SAMPIT – Pendangkalan alur Sungai Mentaya dinilai mulai memberi dampak serius terhadap aktivitas ekonomi di Kabupaten Kotawaringin Timur (Kotim). Kondisi sungai yang semakin dangkal membuat aktivitas kapal menuju pelabuhan di wilayah tersebut belum bisa berjalan maksimal.
Anggota DPRD Kabupaten Kotawaringin Timur, Zainuddin, mengatakan kondisi alur Sungai Mentaya dari muara di perairan Ujung Pandaran hingga kawasan Pelangsian sudah cukup lama tidak dilakukan pengerukan. Menurutnya, hal tersebut perlu menjadi perhatian pemerintah pusat karena dampaknya dirasakan langsung oleh masyarakat dan pelaku usaha.
“Dari muara di perairan Ujung Pandaran sampai ke Pelangsian sudah cukup lama belum dikeruk. Kami berharap pemerintah pusat memperhatikan ini,” ujar Zainuddin, Kamis 5 Maret 2026.
Ia menjelaskan, pendangkalan sungai tidak hanya berdampak pada aktivitas pelayaran, tetapi juga berpotensi memperparah banjir di kawasan bantaran sungai. Ketika musim hujan atau saat air laut pasang, air sungai lebih mudah meluap karena daya tampungnya berkurang.
Akibatnya, sejumlah kawasan di sepanjang bantaran Sungai Mentaya kerap terdampak genangan yang mengganggu aktivitas masyarakat, termasuk jalan dan permukiman warga.
Di sisi lain, kondisi alur sungai yang dangkal juga membuat kapal yang hendak menuju Pelabuhan Bagendang maupun Pelabuhan Sampit tidak bisa melintas secara bebas. Kapal-kapal tersebut umumnya harus menunggu air pasang sebelum berlayar menyusuri sungai agar tidak kandas di titik-titik yang dangkal.

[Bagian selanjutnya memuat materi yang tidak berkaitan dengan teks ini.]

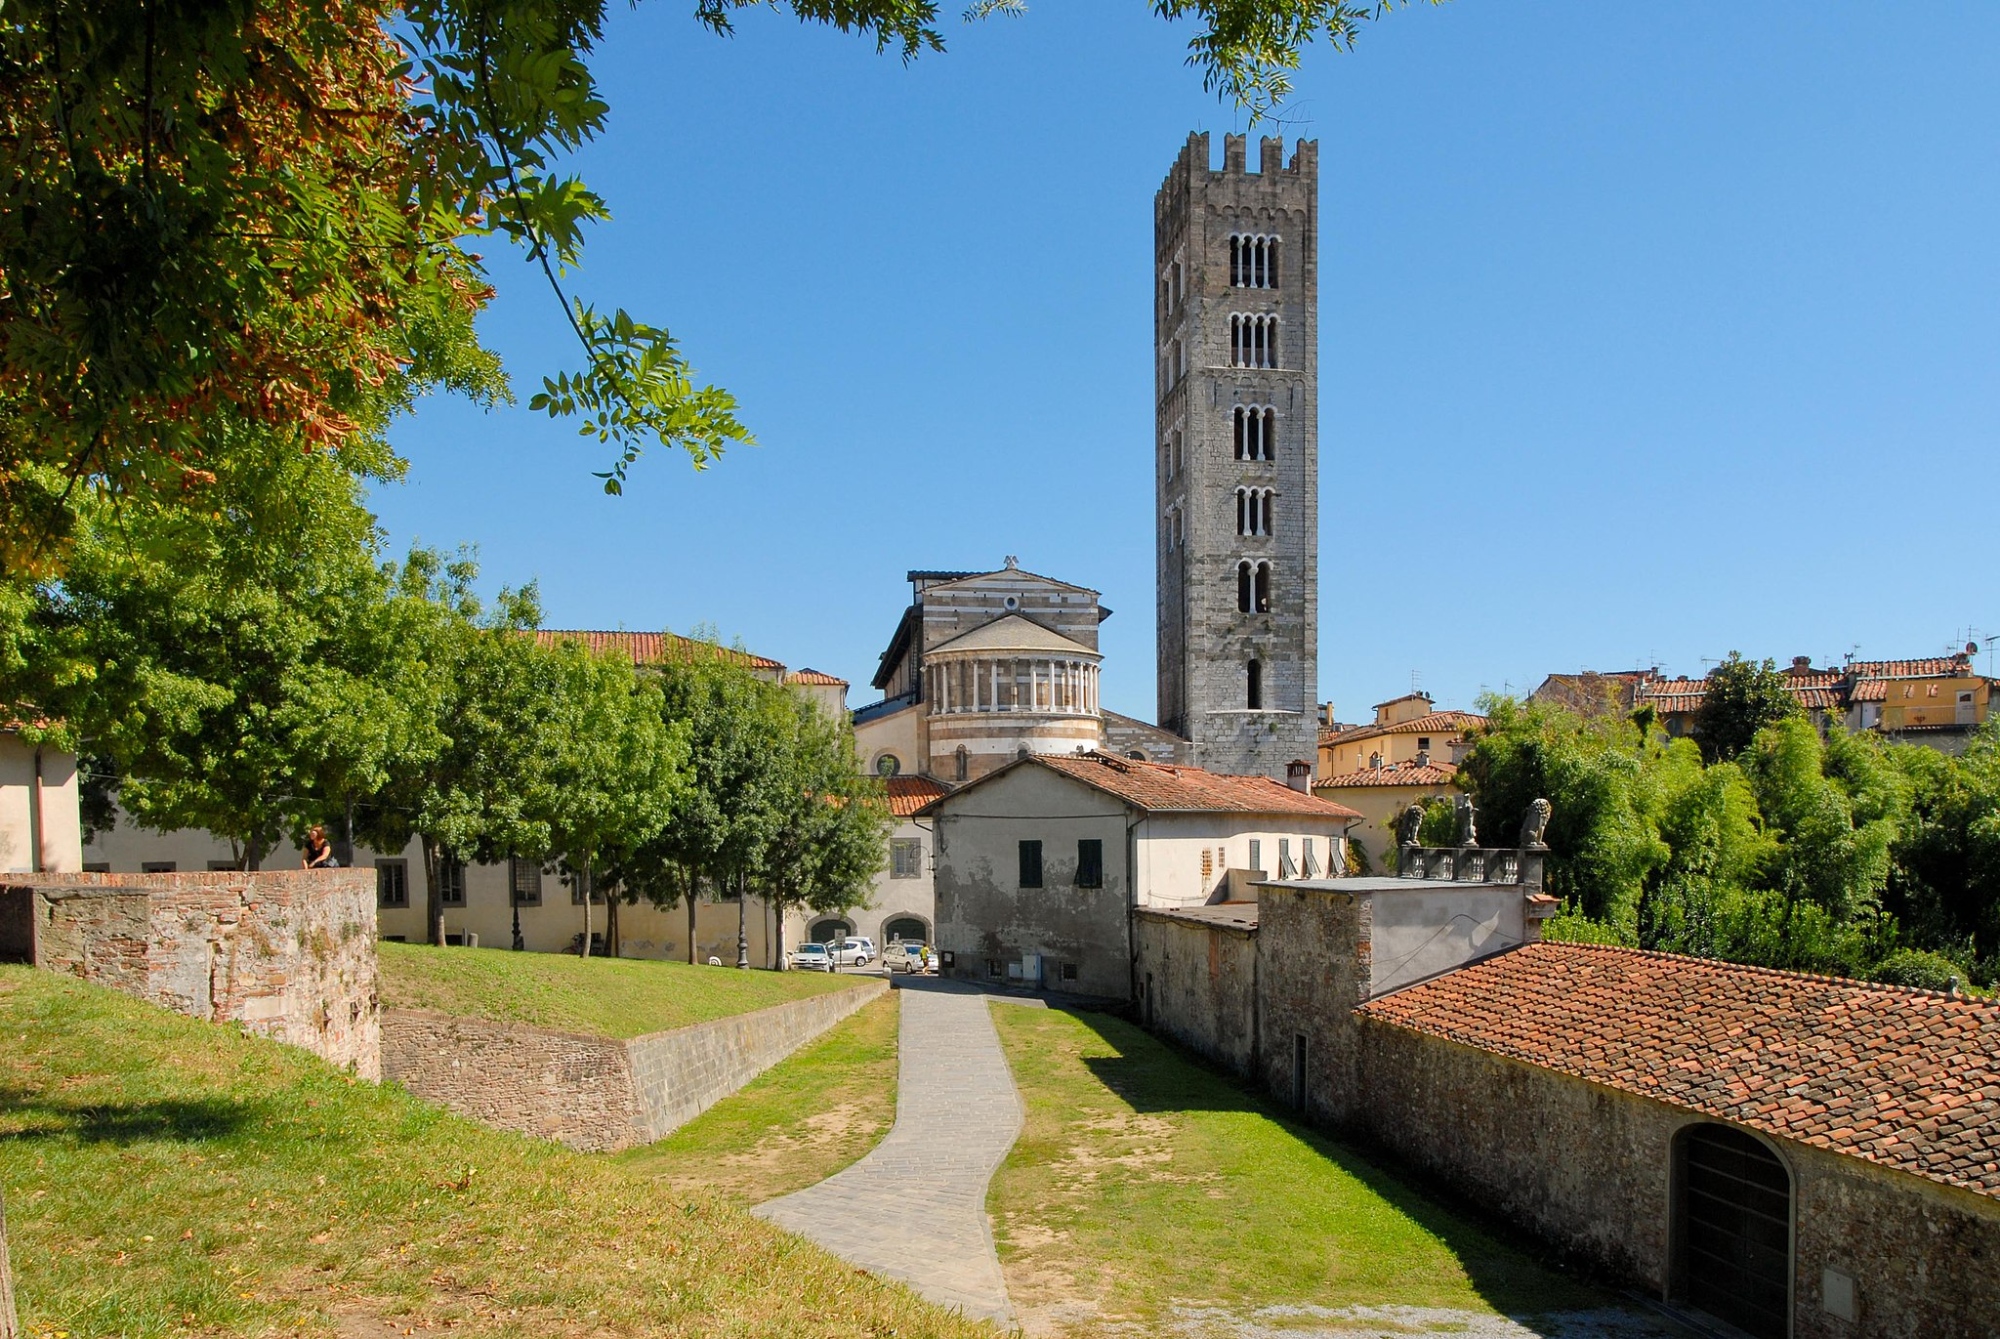 A view of the Church of San Frediano from the ancient walls of Lucca

Situasi tersebut membuat aktivitas logistik dan distribusi barang menjadi kurang efisien. Bahkan, sebagian pelaku usaha memilih mengalihkan pengiriman kargo melalui Pelabuhan Kumai yang dinilai memiliki jalur pelayaran lebih lancar.
“Di Kotim masih bergantung jadwal pasang surut sungai. Ini tentu berdampak pada kegiatan ekonomi,” tambahnya.
Sebagai wakil rakyat dari daerah pemilihan wilayah selatan Kotim, Zainuddin mengaku cukup memahami persoalan tersebut karena wilayahnya meliputi kecamatan yang berada di jalur menuju pelabuhan, yakni Teluk Sampit, Pulau Hanaut, Mentaya Hilir Selatan dan Mentaya Hilir Utara.
Ia berharap pemerintah pusat segera melakukan pengerukan pada titik-titik alur sungai yang mengalami pendangkalan agar kapal dapat melintas lebih leluasa tanpa harus bergantung pada pasang surut air.
“Kapal-kapal yang keluar masuk sering terkendala sehingga harus menunggu di muara hingga air pasang. Karena itu pengerukan sungai sangat diperlukan,” tegasnya.
Sementara itu, berdasarkan data Dinas Perhubungan setempat, kedalaman Sungai Mentaya saat ini berkisar minus 4 meter LWS (Low Water Spring) atau kondisi air pasang terendah. Dengan kedalaman tersebut, kapal kargo yang dapat masuk maksimal sekitar 3.000 DWT (Dead Weight Tonnage), sedangkan tongkang sekitar 5.000 DWT.
Kapal yang akan menuju pelabuhan biasanya harus menunggu di kawasan muara ketika air surut, hingga kondisi kembali pasang agar bisa melintasi alur sungai menuju pelabuhan di Kotim.